Каролин горестно вздохнула.
— При чем тут ненависть? Просто они мне надоели. Мы слишком часто встречаемся.
— Отлично! — сказал он с сарказмом. — Если тебе надоели мои друзья, встречайся с кем хочешь. Ты свободна.
Грэм скрылся в кабинете. Она устремилась вслед за мужем, покрутила дверную ручку. Заперто.
— Грэм!
Ответом ей было молчание.
Каролин так и не смогла уснуть в одиночестве и среди ночи встала и попробовала, открыта ли дверь в кабинет. Конечно, открыта.
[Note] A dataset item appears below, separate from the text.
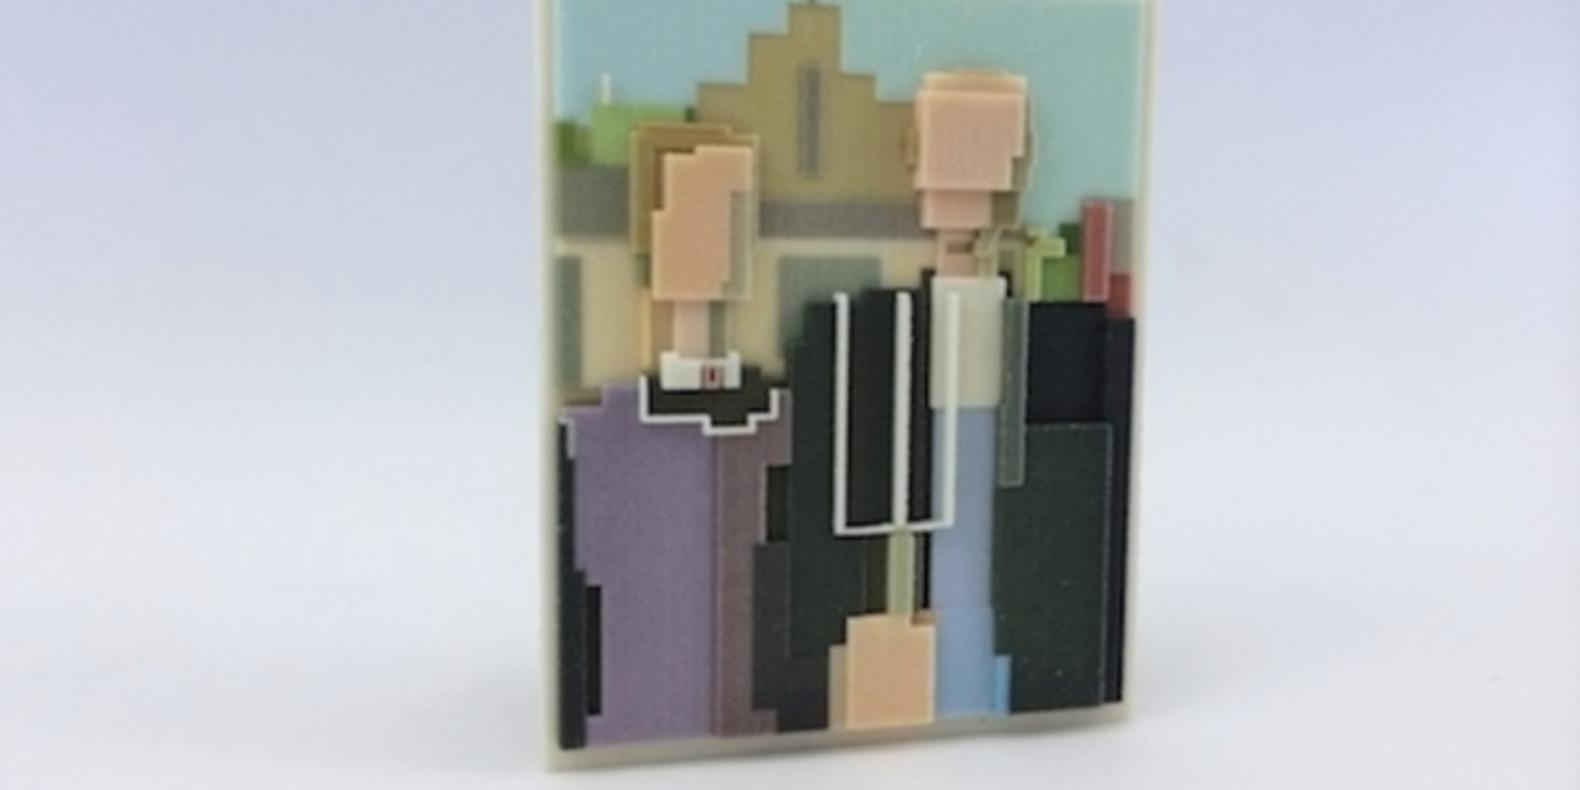 adam lister isaac budmen 8 Bits, 3 Dimensions art 3D printing printed cults3D fichier 3D designer artist ETR breaking bad superman mona lisa9

Она прилегла на кушетку рядом со спящим мужем, погладила его спину, прижалась. Они стали чужими по духу, но не по плотя.
За каждой ссорой следовало примирение, но интервалы длились все дольше, и когда Грэм спал рядом с ней, демонстративно отвернувшись, она чувствовала себя одинокой и брошенной. Ей хотелось впиться ногтями в его кожу, повернуть к себе и бросить в лицо все упреки, какие накопились, спросить, в чем же она так провинилась, может быть, оправдаться перед ним. Вряд ли это бы помогло, скорее привело бы к новой беспричинной ссоре.